III. RAZÕES DE DECIDIR
3. O lançamento do crédito decorrente de multa administrativa goza de presunção relativa de legitimidade e veracidade, podendo ser afastado mediante prova em sentido contrário produzida pelo interessado.
4. A comercialização reiterada de passagens com tarifas promocionais inferiores ao mínimo regulamentar constitui infração administrativa prevista no Código Brasileiro de Aeronáutica, sujeita à aplicação de multa pela autoridade aeronáutica.
5. A lavratura de diversos autos de infração baseados na mesma conduta, diferenciando-se apenas pela data de ocorrência e referentes aos mesmos códigos tarifários, caracteriza reiteração punitiva pelo mesmo fato, sem prévia ciência do infrator, configurando bis in idem.
6. A atuação sancionatória da administração pública deve observar os princípios da razoabilidade e proporcionalidade, não sendo legítima a multiplicação automática de penalidades por infração continuada sem prévia notificação que permita a cessação da conduta.
7. A aplicação de seis multas sucessivas pelo mesmo fato, em curto intervalo temporal e sem distinção material da conduta infracional, mostra-se desproporcional, sobretudo quando o regime sancionatório admite gradação de penalidades e agravamento por reincidência.
8. A interpretação adotada pelo juízo de origem, ao reconhecer a continuidade infracional e afastar autuações subsequentes por caracterização de bis in idem, revela-se adequada e compatível com os princípios constitucionais da razoabilidade e da livre concorrência.
9. A fixação de honorários advocatícios por equidade, nas hipóteses em que vencida a Fazenda Pública, encontra amparo no art. 20, §4º, do Código de Processo Civil de 1973, sendo razoável o valor arbitrado pelo juízo de origem diante do trabalho desenvolvido no caso concreto.
IV. DISPOSITIVO E TESE
10. Agravo interno desprovido.
Tese de julgamento:
11. A aplicação de múltiplas multas administrativas em dias consecutivos pela mesma prática infracional, sem prévia ciência do infrator e sem distinção material da conduta, configura bis in idem e viola o princípio da razoabilidade.
12. A infração administrativa continuada deve ser sancionada mediante gradação das penalidades e eventual reconhecimento de reincidência, não sendo legítima a multiplicação automática de autos de infração pelo simples decurso diário da conduta.
13. Nas causas em que vencida a Fazenda Pública sob a égide do CPC/1973, admite-se a fixação de honorários advocatícios por equidade, nos termos do art. 20, §4º.
Dispositivos relevantes citados: CF/1988, art. 170, IV; Lei nº 7.565/1986, arts. 298, 299 e 302; CPC/1973, art. 20, §§3º e 4º; CPC/1973, art. 557.
Jurisprudência relevante citada: TRF 3ª Região, 6ª Turma, ApCiv 5021813-79.2018.4.03.6100, Rel.
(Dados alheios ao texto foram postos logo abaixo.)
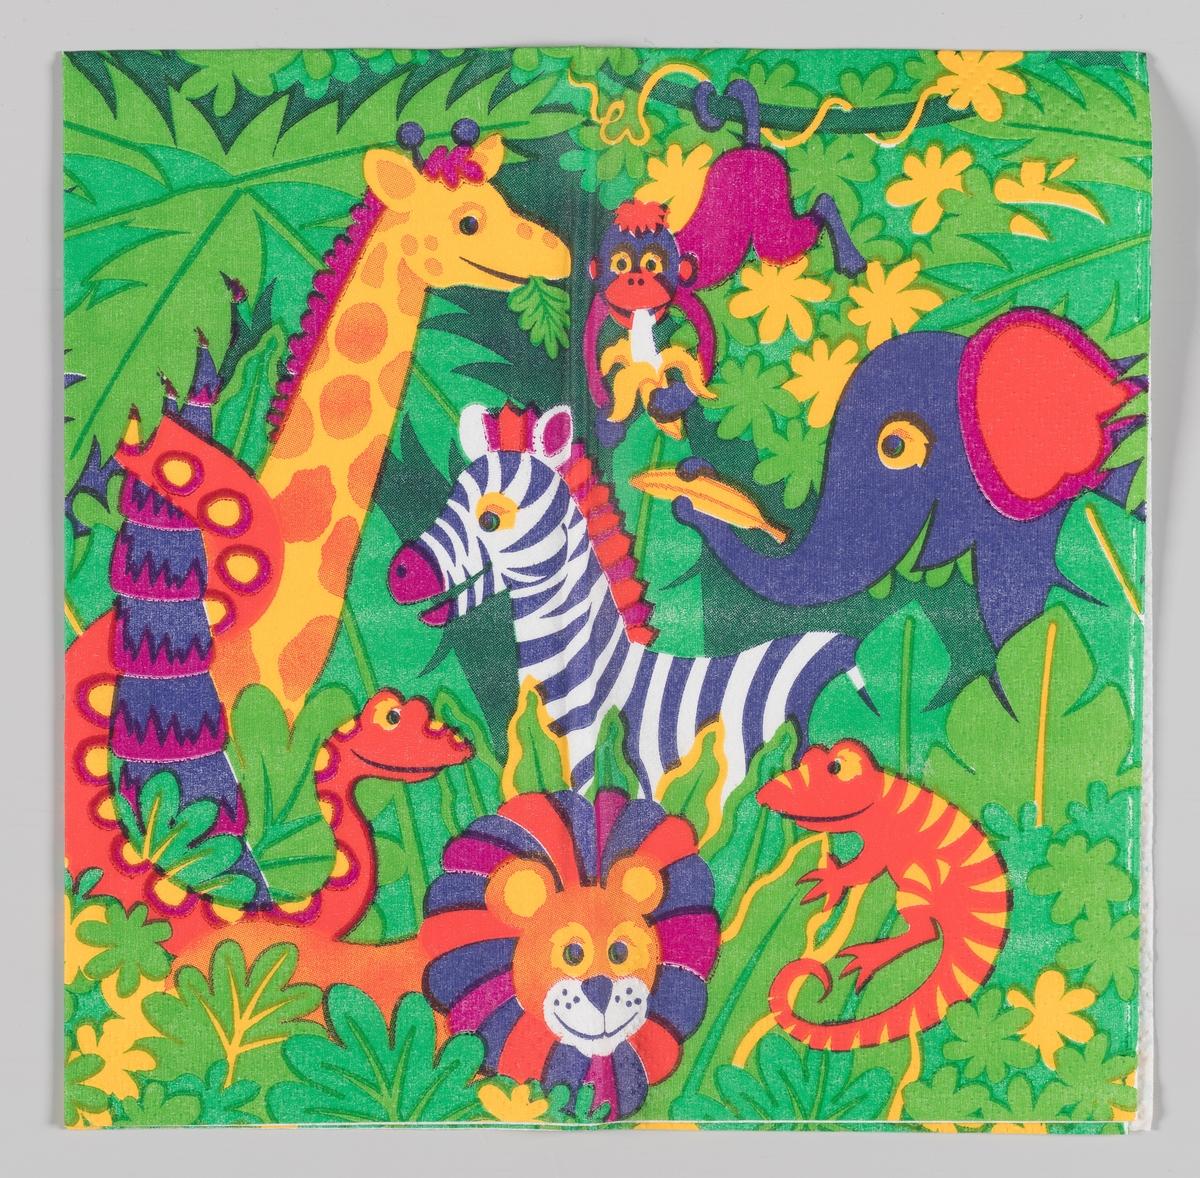 Afrikanske dyr i en jungel: En giraff, en ape, en elefant, en sebra, en slange en løve og en øgle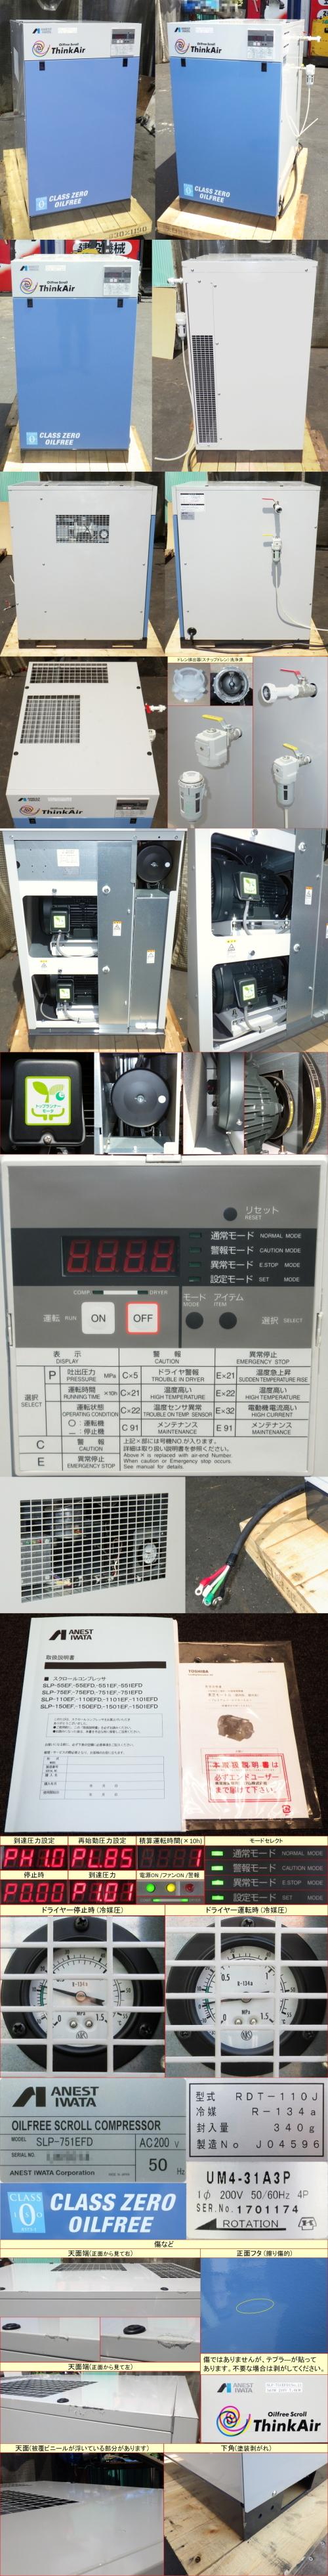 RIMG 4949X

Des. Fed. Luiz Alberto de Souza Ribeiro, j. 02.12.2024; TRF 3ª Região, 6ª Turma, AI 5010015-49.2022.4.03.0000, Rel. Des. Fed. Paulo Sergio Domingues, j. 24.10.2022.
ACÓRDÃO
Vistos e relatados estes autos em que são partes as acima indicadas, a Sexta Turma, por unanimidade, negou provimento ao agravo interno, nos termos do relatório e voto que ficam fazendo parte integrante do presente julgado.